▶ DATA FOR THIS EXERCISE
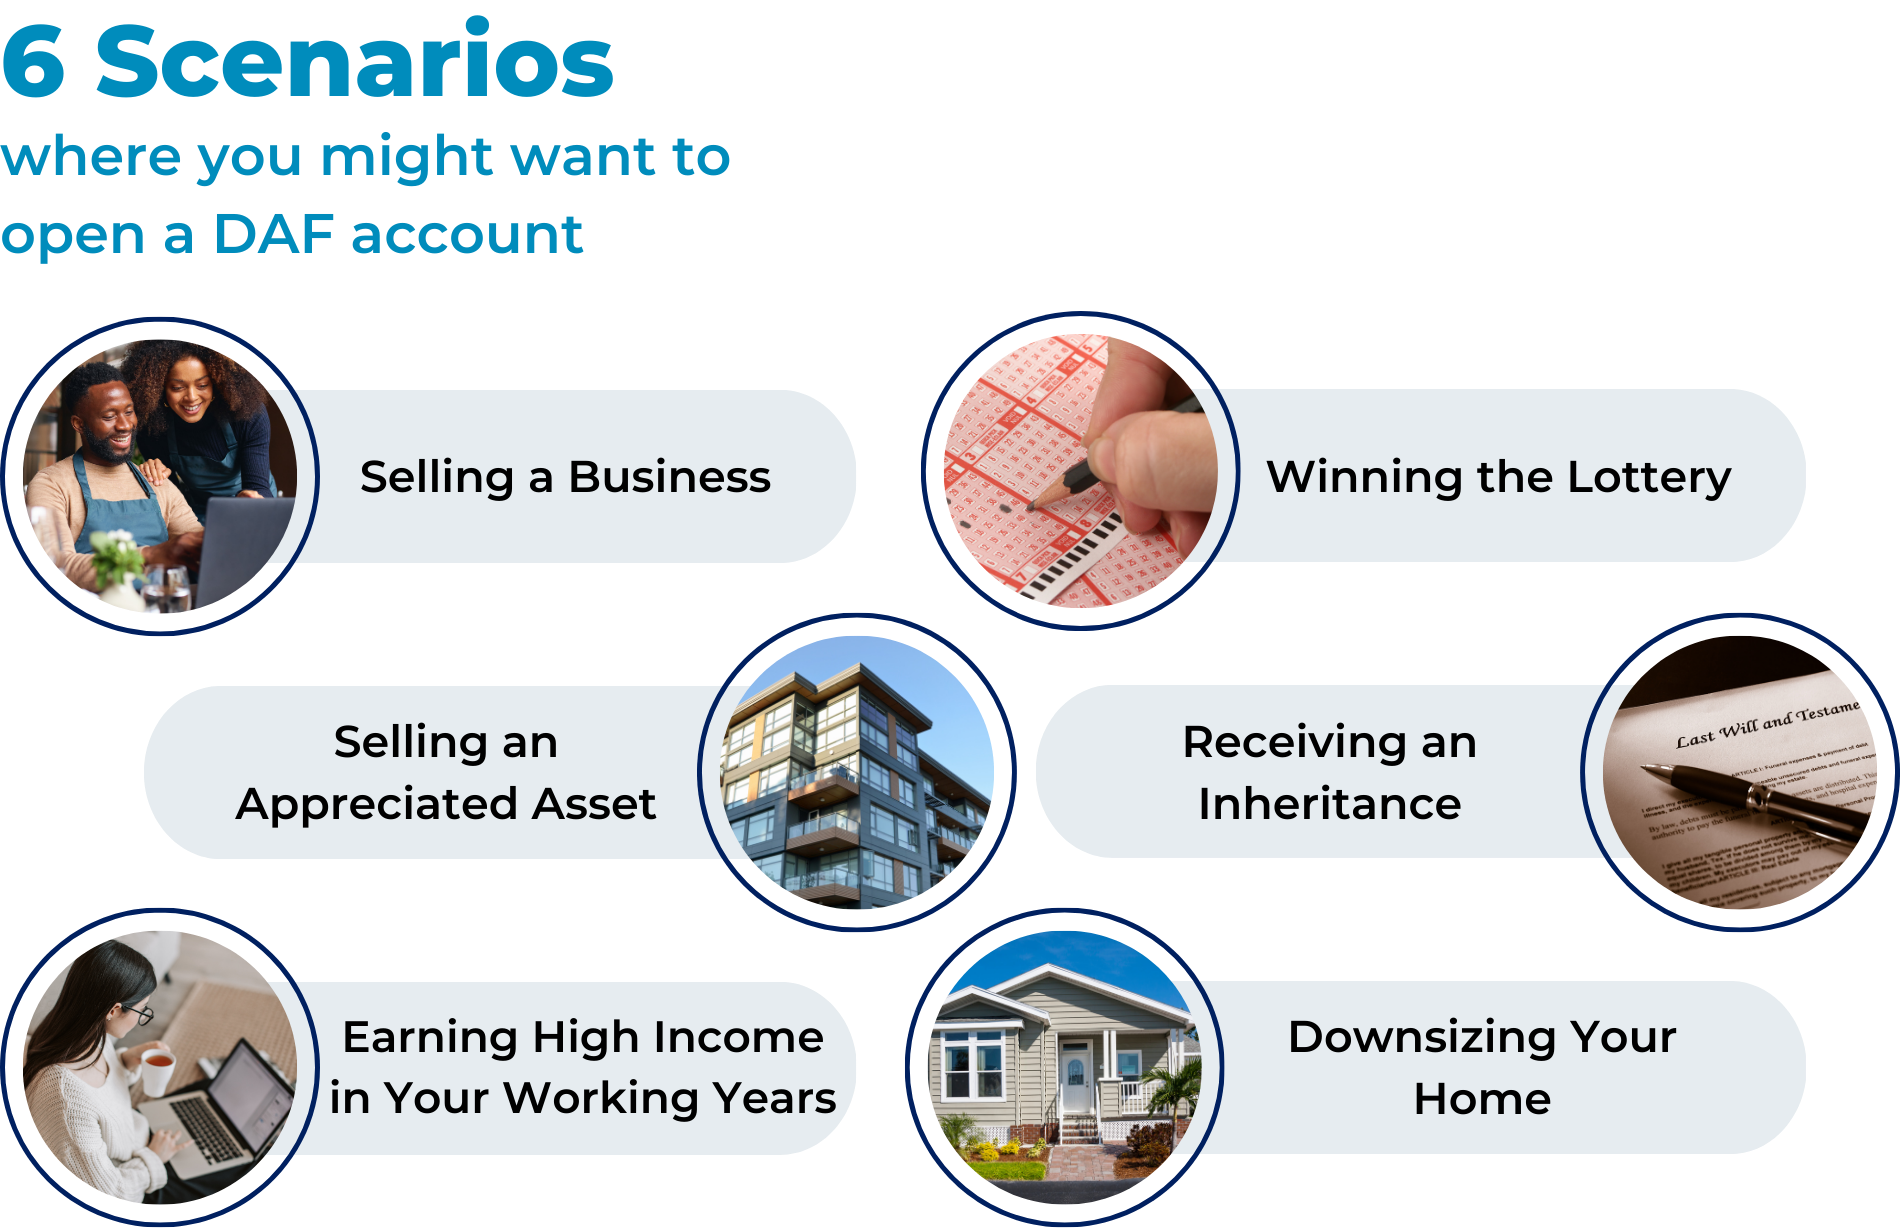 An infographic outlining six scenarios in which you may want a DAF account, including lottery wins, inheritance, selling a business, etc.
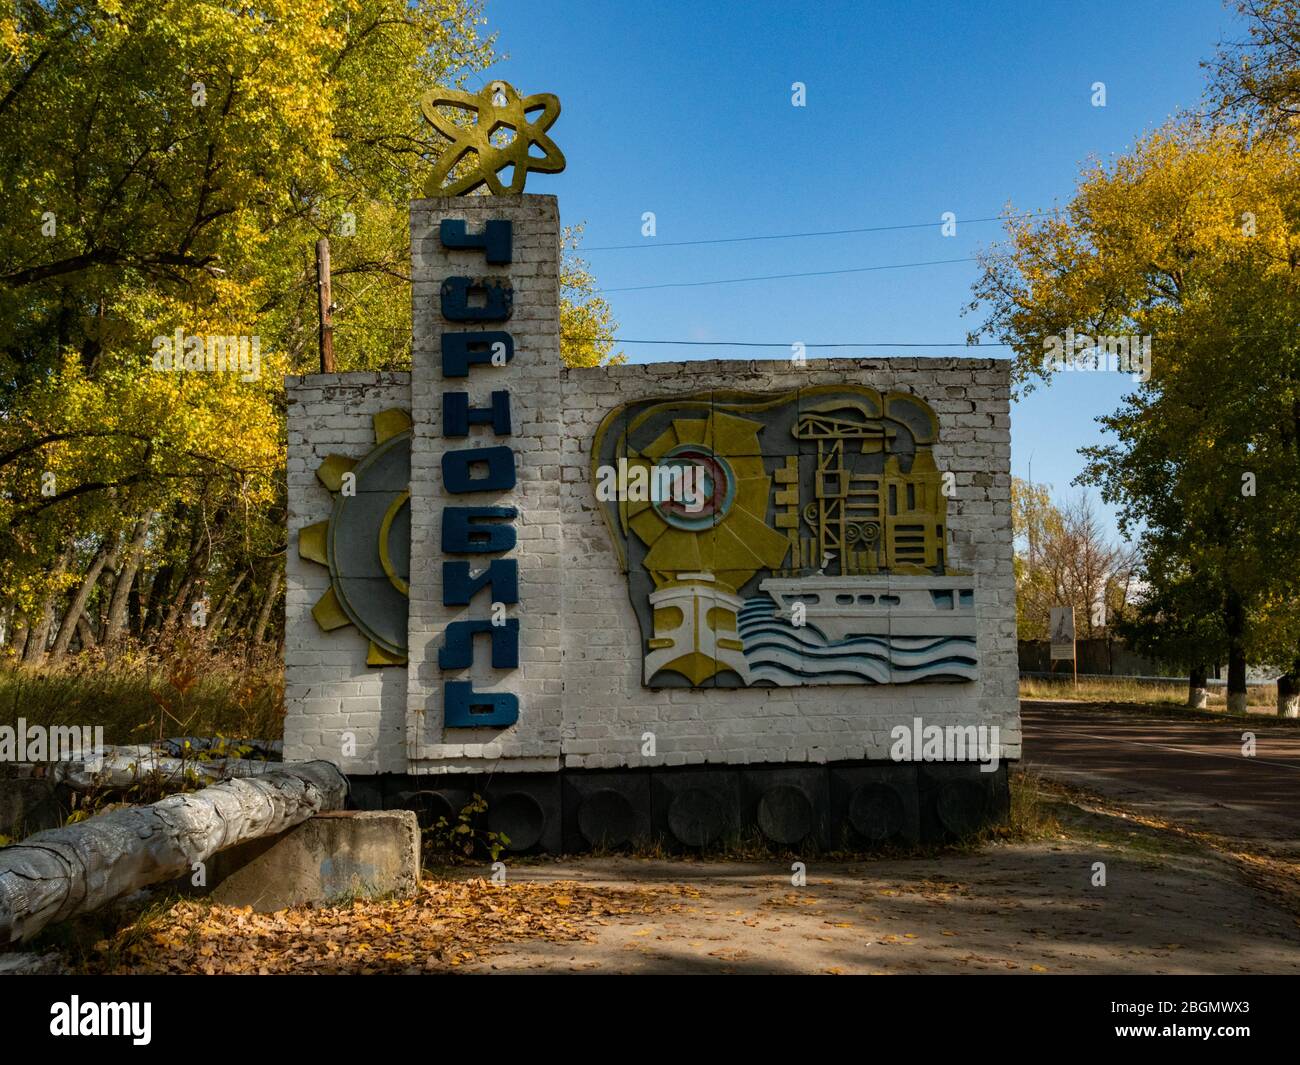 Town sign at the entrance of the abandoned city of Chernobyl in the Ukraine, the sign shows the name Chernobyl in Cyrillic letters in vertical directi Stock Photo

==

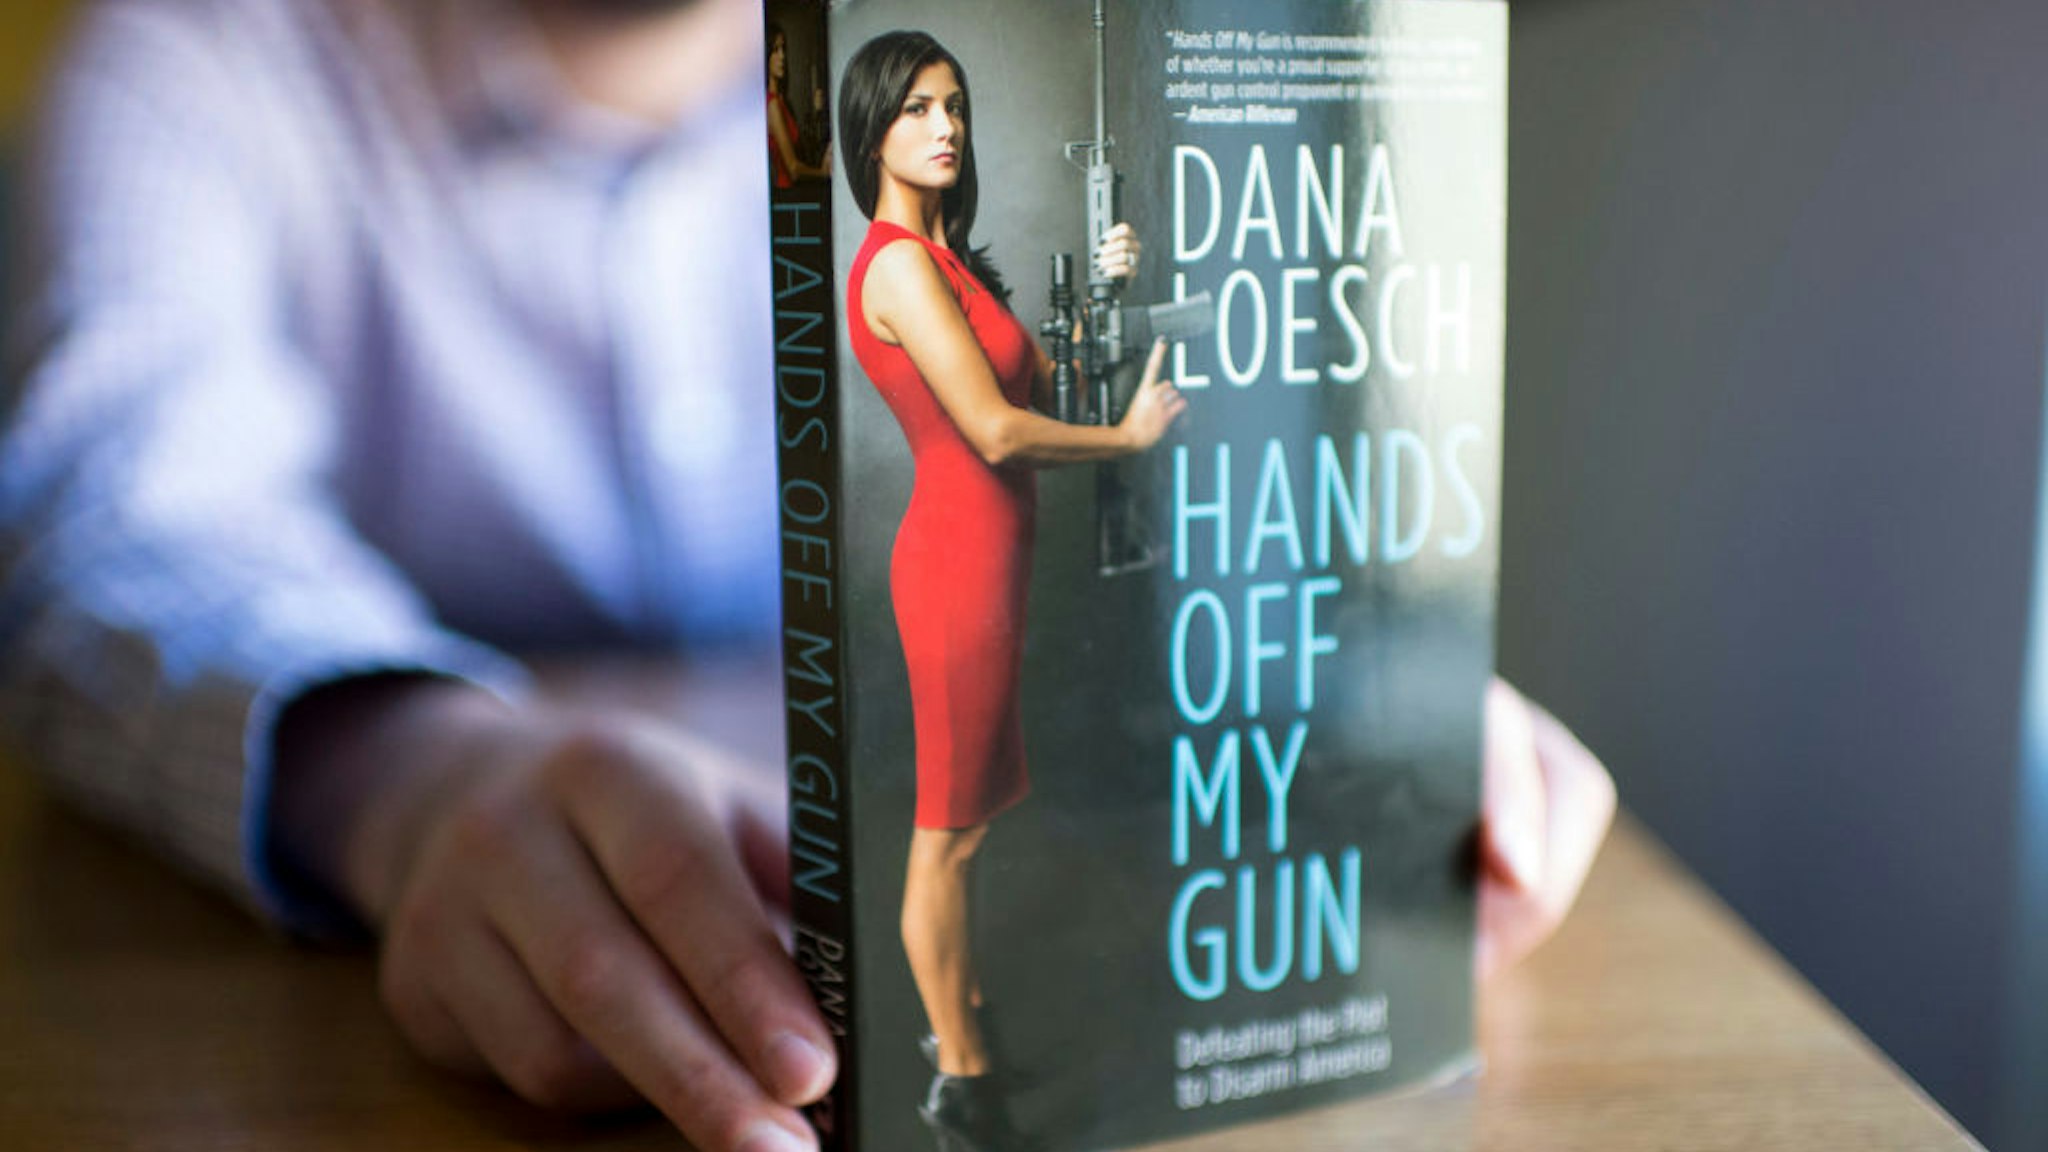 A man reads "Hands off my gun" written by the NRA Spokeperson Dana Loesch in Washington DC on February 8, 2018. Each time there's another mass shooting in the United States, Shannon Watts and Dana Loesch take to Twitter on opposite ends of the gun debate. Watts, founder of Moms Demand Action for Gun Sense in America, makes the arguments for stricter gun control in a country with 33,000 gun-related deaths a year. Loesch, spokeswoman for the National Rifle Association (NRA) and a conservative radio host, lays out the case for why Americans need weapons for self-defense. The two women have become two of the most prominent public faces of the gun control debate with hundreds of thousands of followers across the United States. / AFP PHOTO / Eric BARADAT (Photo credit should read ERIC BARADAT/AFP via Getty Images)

--

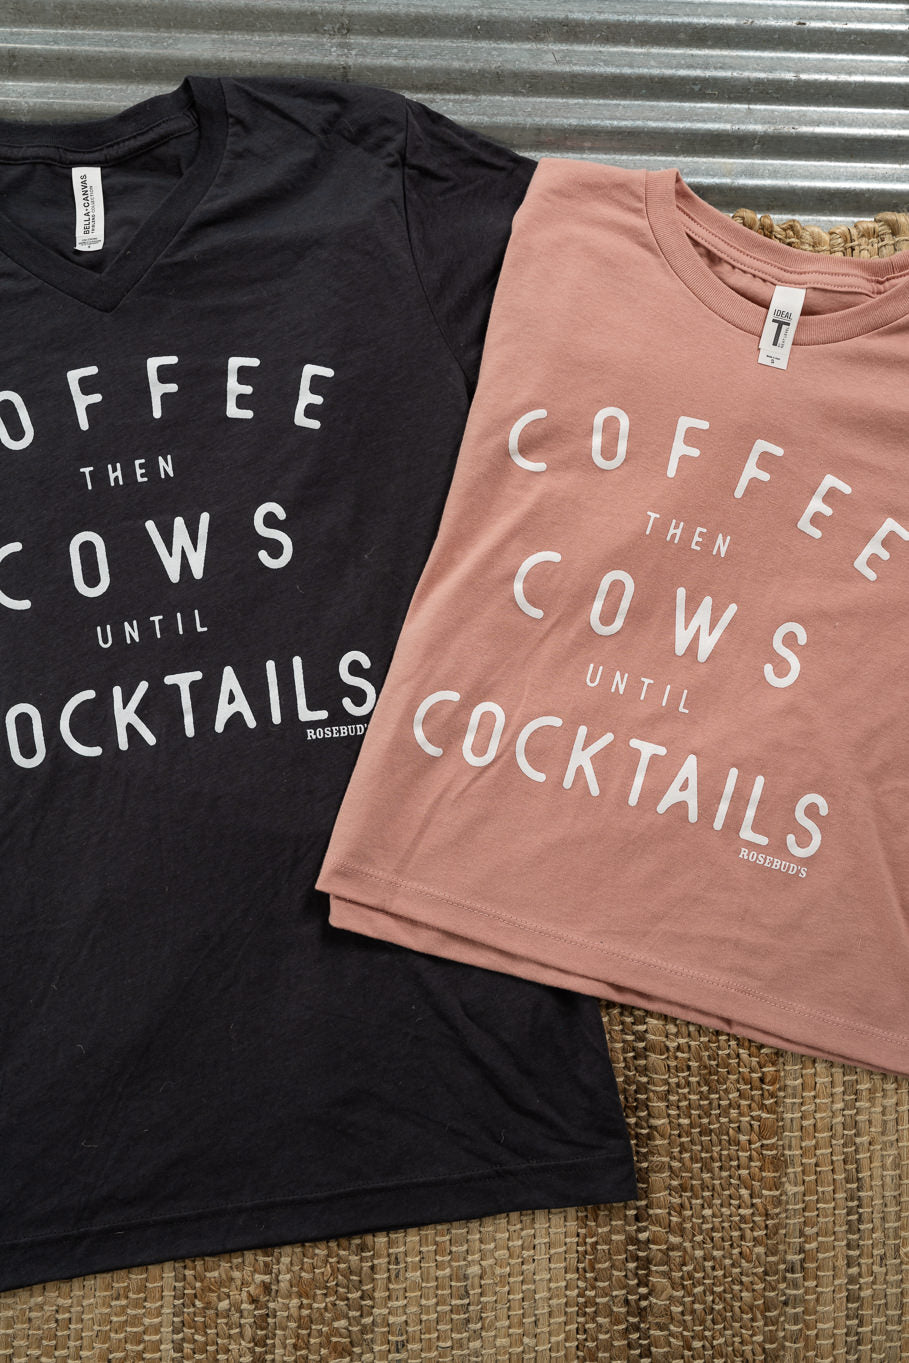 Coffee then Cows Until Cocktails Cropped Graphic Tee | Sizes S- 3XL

▶ WORK TO BE COMPLETED
What is wanted is an exact copy of the lines above from the one containing "An infographic outlining" through the one containing "Town sign at", with no pictures in it.

▶ EXERCISE SOLUTION
 An infographic outlining six scenarios in which you may want a DAF account, including lottery wins, inheritance, selling a business, etc.
 Town sign at the entrance of the abandoned city of Chernobyl in the Ukraine, the sign shows the name Chernobyl in Cyrillic letters in vertical directi Stock Photo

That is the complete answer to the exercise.